In the case of hydrolytic enzymes, which are a major class of biocatalysts with high commercial value, a large number of specific assays have been developed.⁴⁸ A range of colorimetric and fluorimetric assays use p-nitrophenyl, p-nitroanilide, or umbelliferyl derivatised substrates, such as 2-methyl decanoate p-nitrophenyl ester for lipases and N-succinyl-Ala-Ala-Pro-Phe-p-nitroanilide for proteases. Lipases and esterases can also be used as coupling enzymes: synthetic activity detection is then based on the in situ derivatization of acetaldehyde with a particular hydrazine yielding a fluorescent hydrazone.

Indirect assays can be used when specific substrates are not available for activity determination. For instance, acetic acid assays are based on the hydrolysis of an acetate which releases acetic acid. The hydrolysis is then quantified by measuring NADH increase spectrophotometrically at 340 nm after a cascade of reactions. "Adrenaline test" endpoint assays rely on the principle of back-titration. A periodate-resistant substrate is hydrolyzed by the enzyme yielding a periodate-sensitive product which will be oxidised. The activity level is proportional to the decrease in the deep red-colored adrenochrome formed by oxidation of adrenaline by residual periodate. This assay has been used recently to screen epoxyde hydrolases.⁴⁹

To overcome the limitations associated with specific assays and individual high-throughput screening, the ideal solution would be to have en masse universal selection techniques allowing the direct isolation of positive mutants from pools.

2.2. Direct Selection from Mutant Libraries. Selection techniques were first developed to identify binders of a target ligand and are progressively being tailored to direct the evolution of enzymes. These techniques are based on the establishment of a link between each genotype (an easy-to-amplify nucleic acid sequence) and the phenotype it encodes (carried by the protein of interest).
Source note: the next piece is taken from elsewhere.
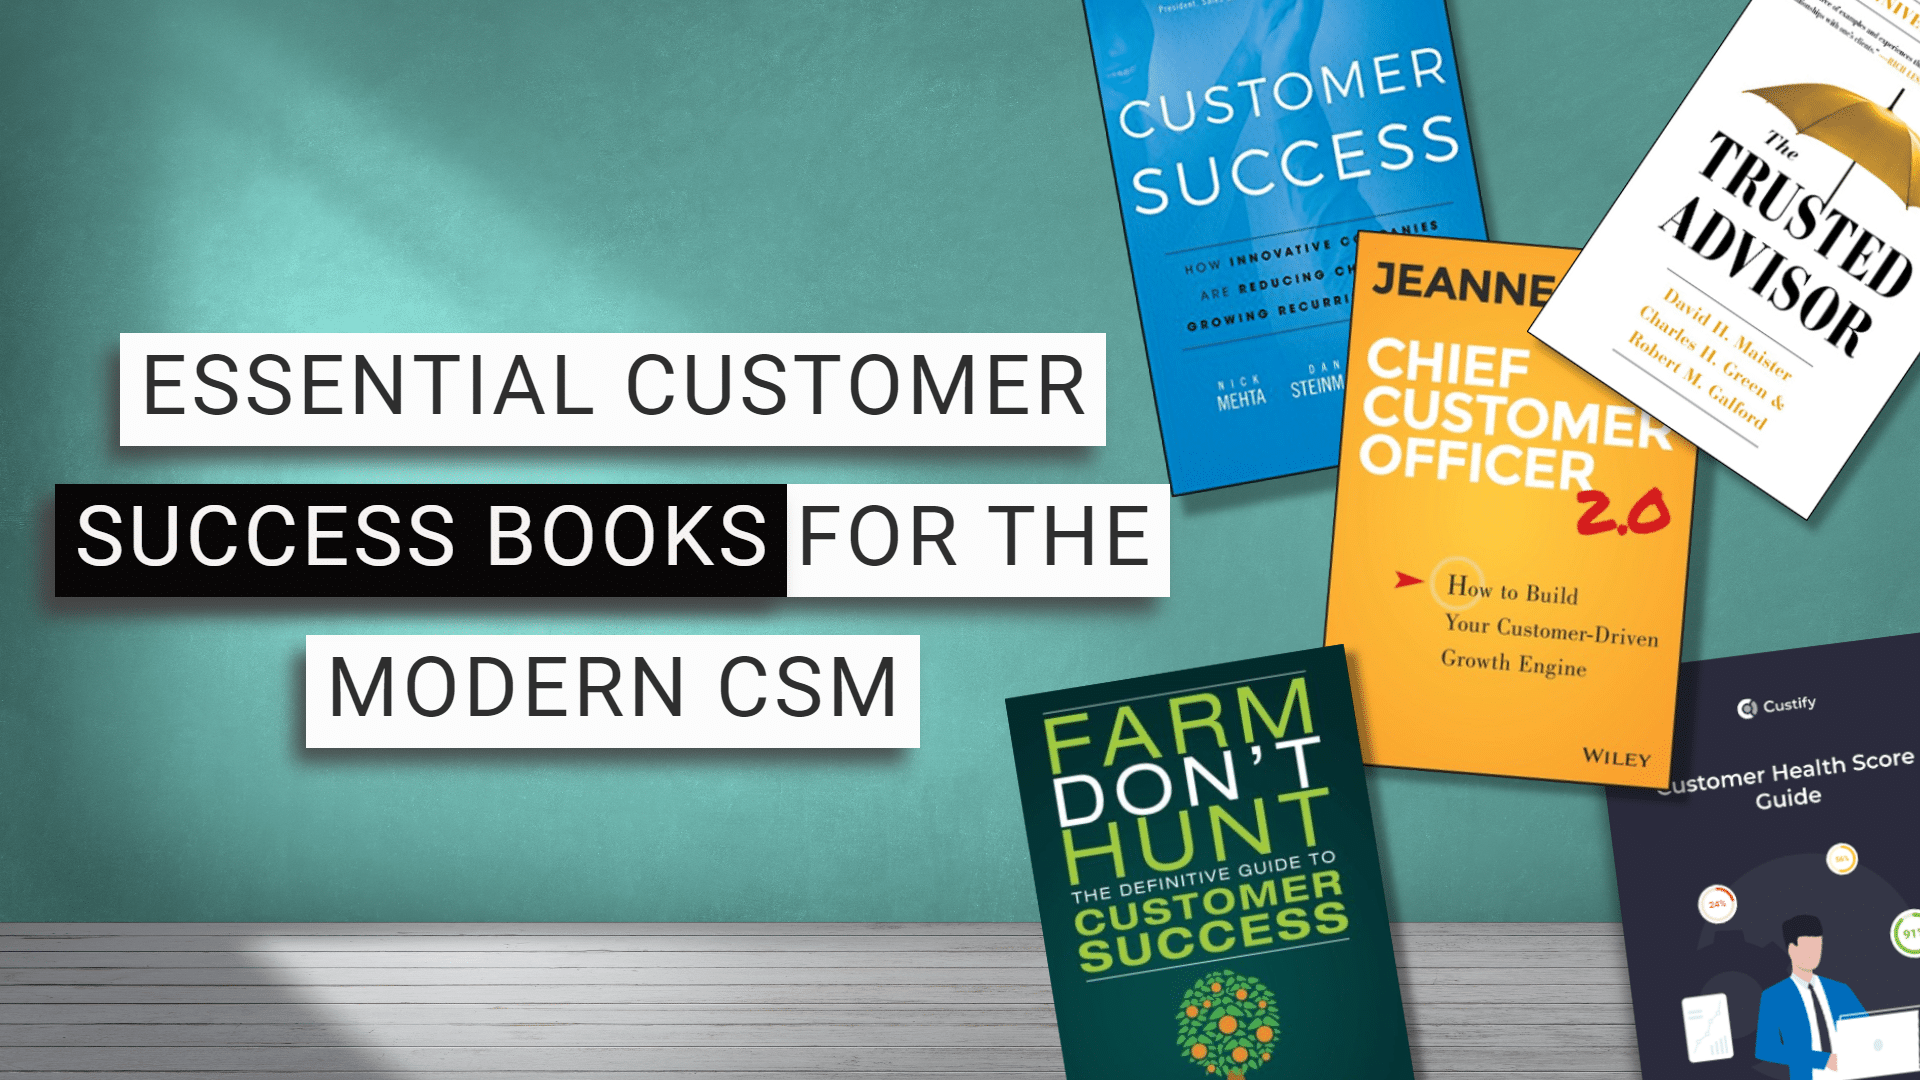 The 20 Essential Customer Success Books for the Modern CSM | 2022 Updated List

2.2.1. Display Technologies. Protein display technologies have encountered outstanding success by allowing the quick identification of high affinity binders toward virtually any identified ligand. The link between the nucleic acid and the protein it encodes is at the molecular level. In ribosome display, a stable complex is formed between a messenger RNA and the enzyme it encodes during in vitro translation. mRNA-peptide fusion is conceptually very similar.⁵⁰ In other approaches the protein is expressed at the surface of an organism: in phage display, the protein is expressed in fusion with a coat protein of a filamentous phage, exposing the protein at the surface of the phage while the gene is trapped inside,^51,52 while, in cell-surface display, the enzyme is expressed on the outer surface of a bacterial or yeast cell.⁵³

These display techniques are inherently adapted to a selection for binding, with many successes in the field of recombinant antibodies, in particular directed against tumoral markers. Several of these antibodies are already on the market, creating a new frontline in the battle against cancer. Several adaptations have been proposed to assay catalytic activities, for example by using transition state-analogues or suicide inhibitors. However no general approach has yet emerged.^54-56

2.2.2. Direct Selection by Compartmentalization. Another way to achieve a link between the genotype and the phenotype is to use compartmentalization. Here, the mutant DNA and its associated proteins are individually gathered in a closed microcompartment. This approach has the additional advantage of linking, not only the enzyme and the gene but also the product of the enzymatic reaction. Compartmentalization is thus more adaptable to enzyme evolution than display technologies.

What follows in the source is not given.